Due to image resolution, It may be unclear in the 3rd photo. Not having the antenna present to inspect, but other photos are available. Possibly you are referring to this portion of the stub and feed line arrangement:





300ohm said:
Do you think its supposed to be that way, or should the uhf-vhf phasing line be spread apart further ?
It appears that the connections are intentional. They are shorted at the lower insulator in the above photo. The blue plastic has a ridge running vertically to force the feed line stub into the terminals.
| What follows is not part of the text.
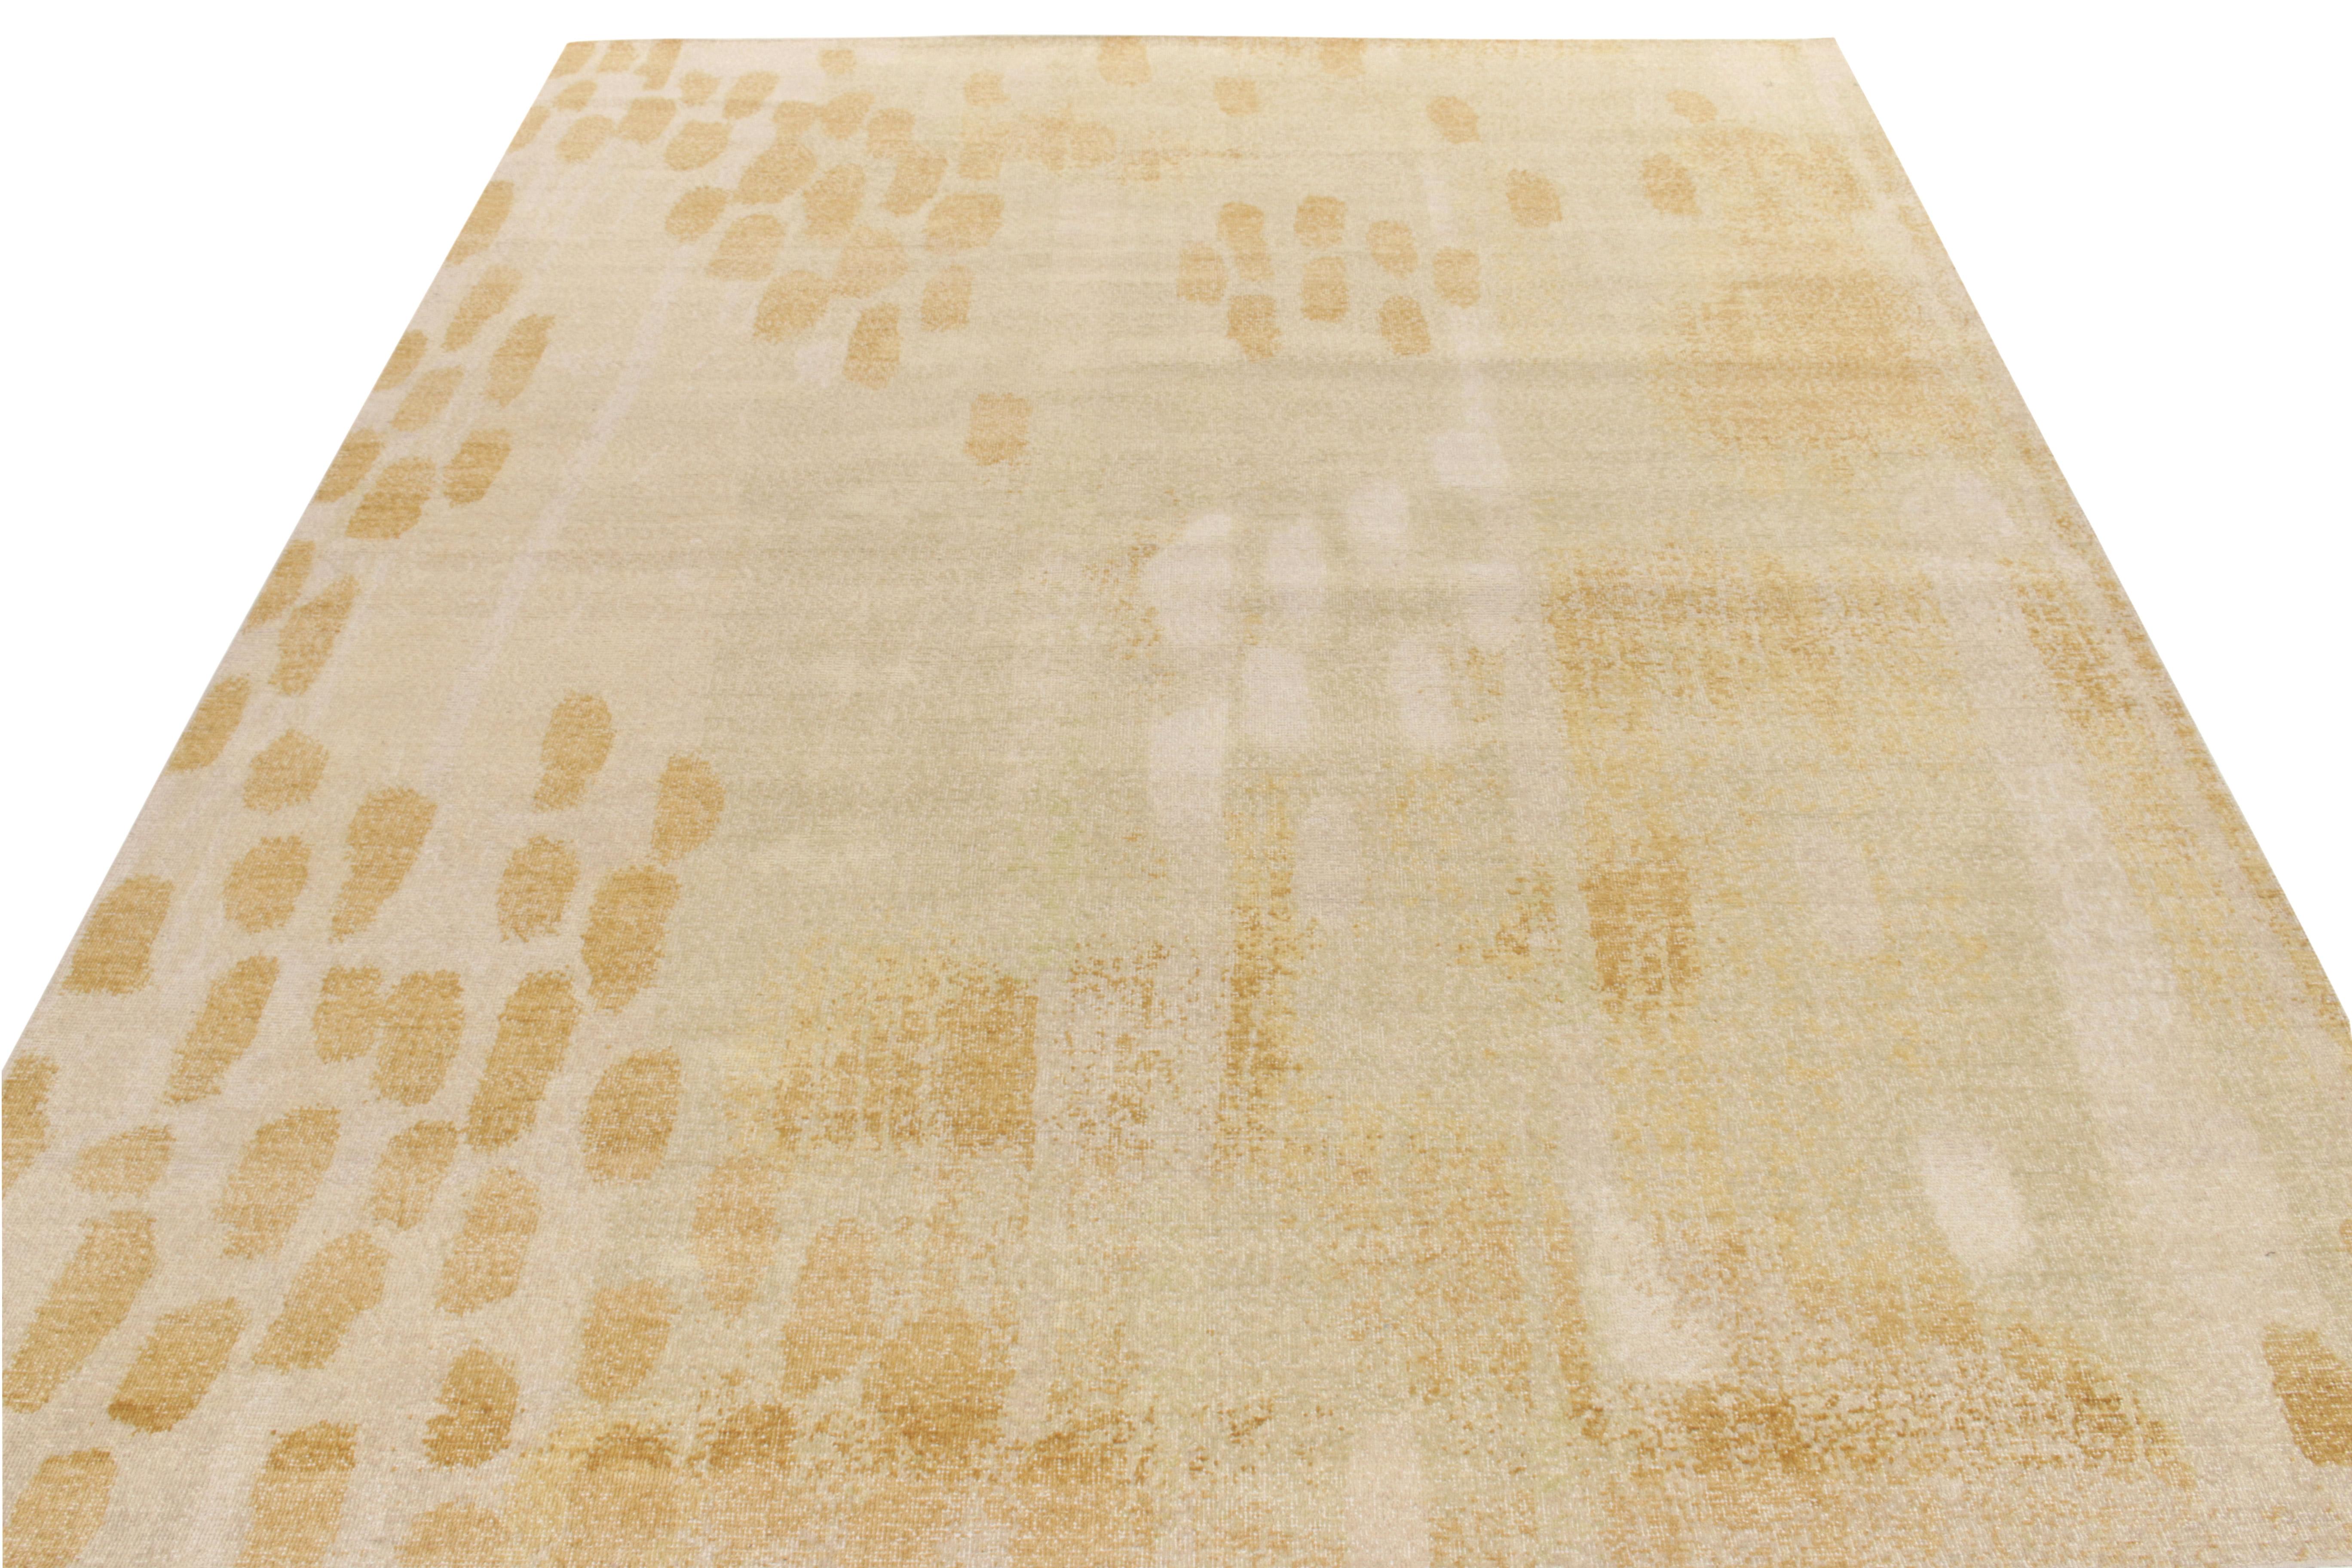 Rug & Kilim definiert die Sprache des Stils neu und präsentiert einen abstrakten Teppich im Format 9x12, der die Homage Collection'S ergänzt. Handgeknüpft in Wolle, ein elegantes Stück aus der Arbeit von Nikita Nagpal in unserem charakteristischen
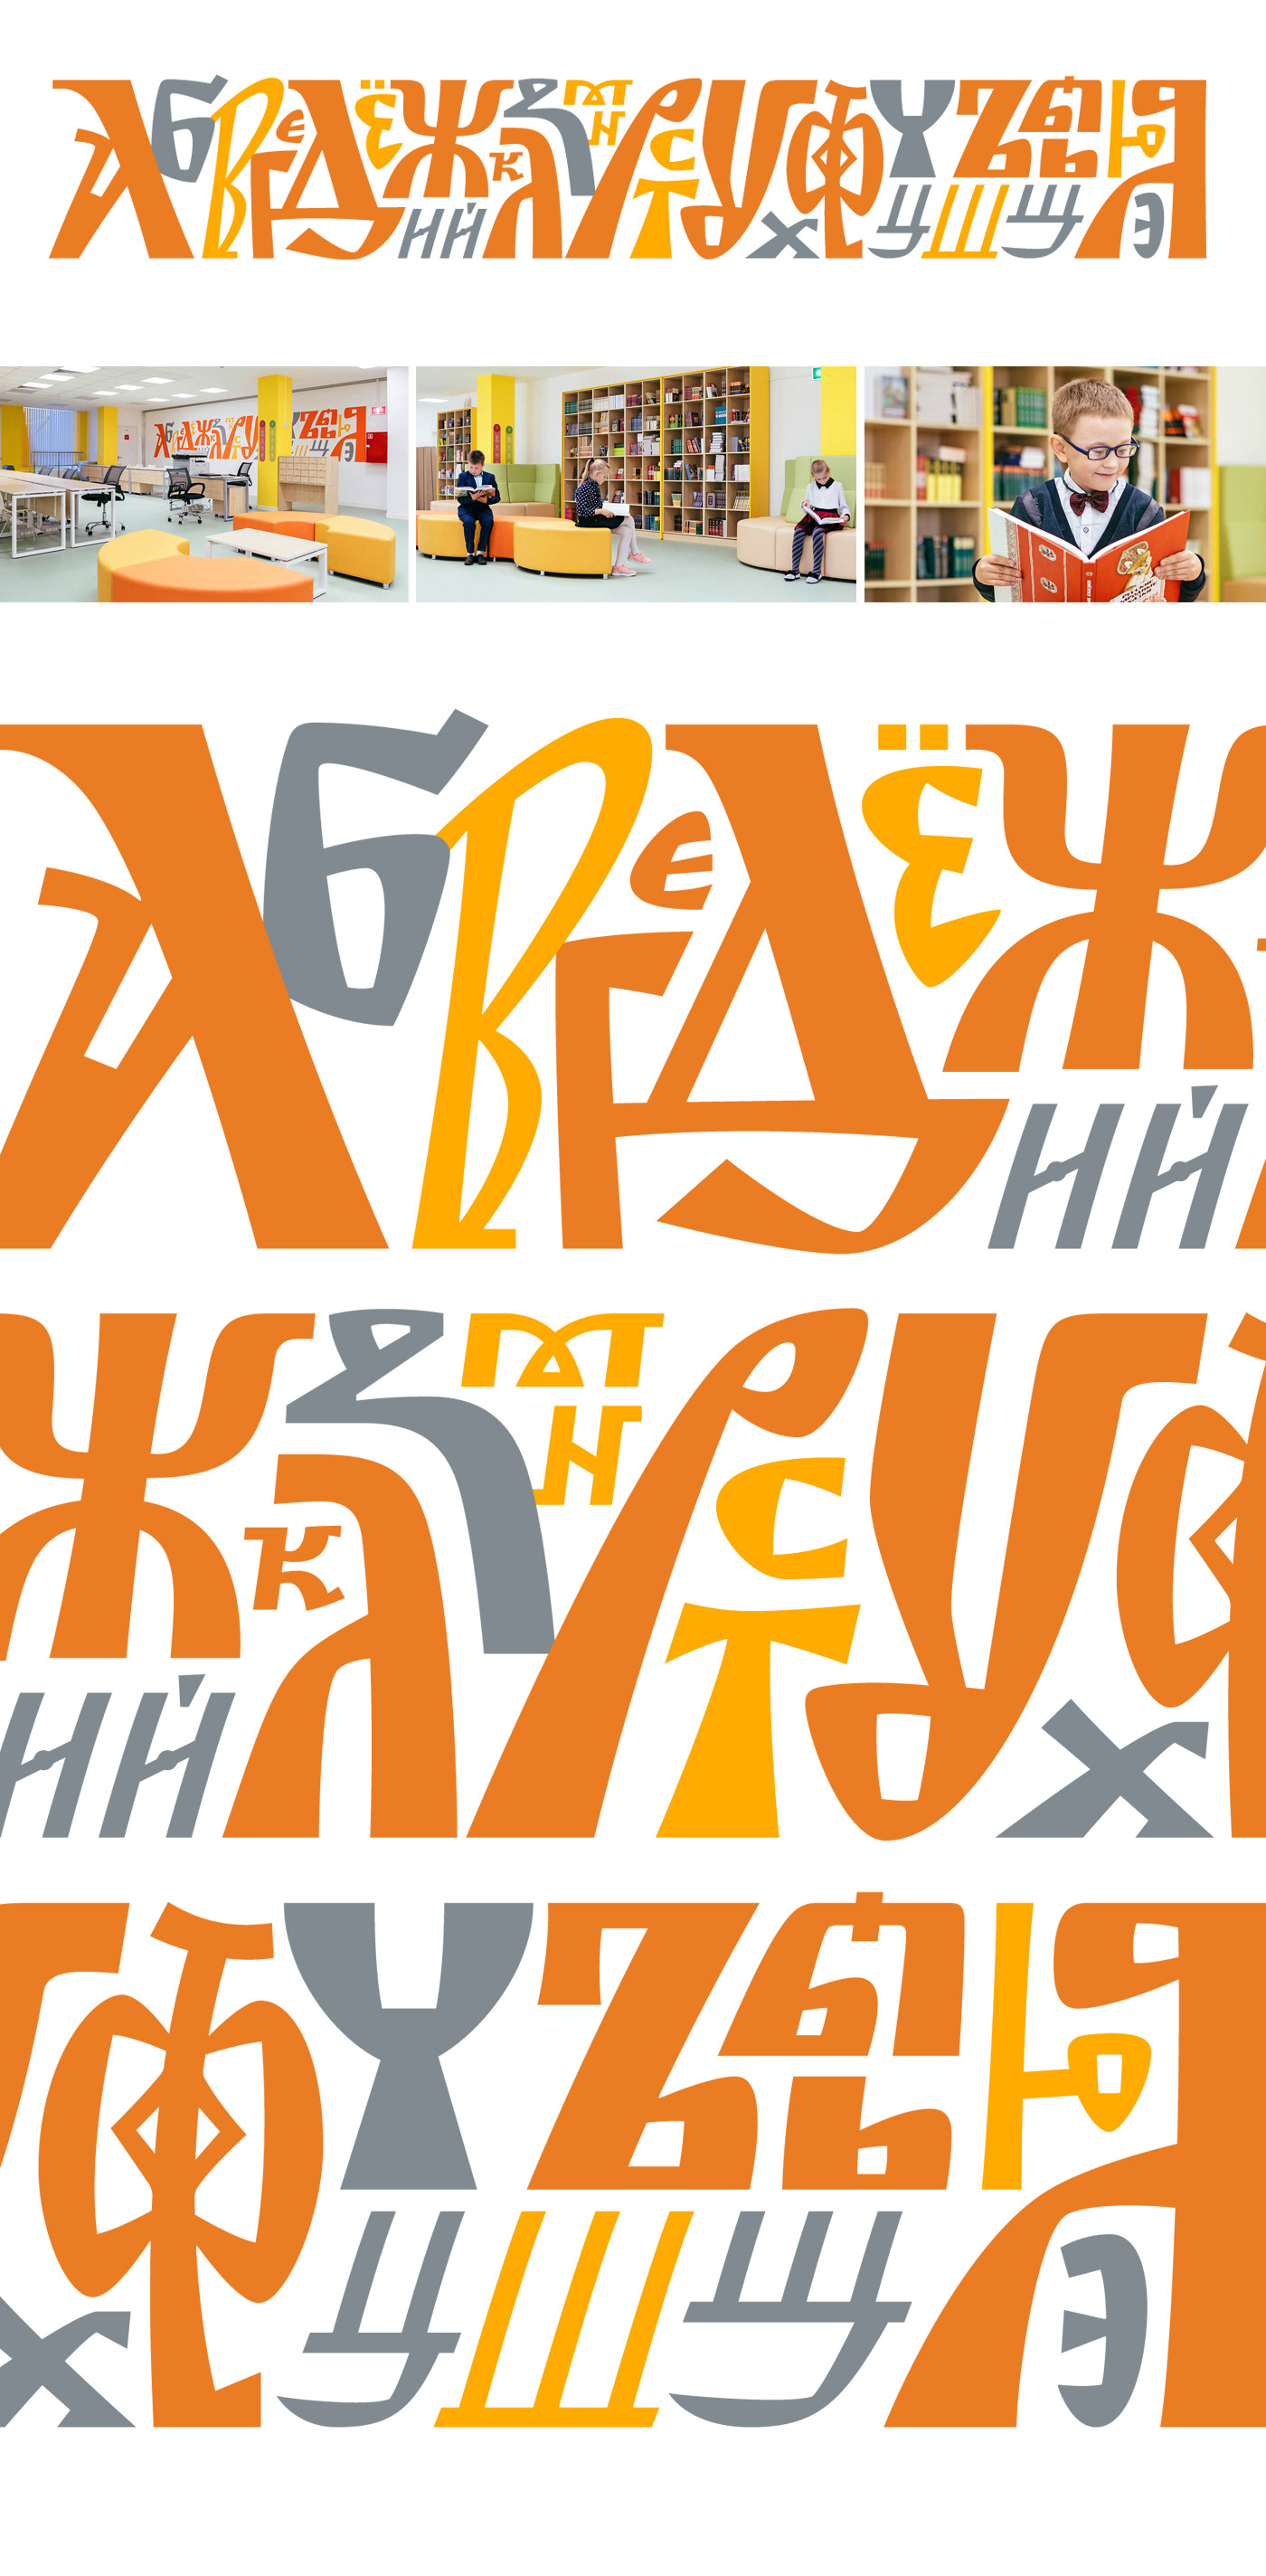 Calligraphy   Cyrillic lettering Slavic каллиграфия кириллица леттеринг роспись стен русское письмо составное письмо

Perhaps you were referring to the upper ends of the extended wire stubs, appearing to be shorted to the flange region of VHF elements. There is a bit of spacing there, not a large amount of spacing to be sure, but when viewed from the side there is a bit of more clearance than is evident in these photos.

Since the balun connects to terminals at the UHF driven element, it appears that the feed line that continues in the downward direction (in the above image) connects the VHF portion to the balun terminals





The extended open-end portions (near the top of each photo) seem to be one of the isolation stubs, to help keep the UHF signals from feeding into the VHF portion antenna.

300ohm said:
....AntennaCraft makes their uhf directors. :p
Looks like tubing that has been spread apart, or not completely rolled. Seems like a good design to increase bandwidth of directors.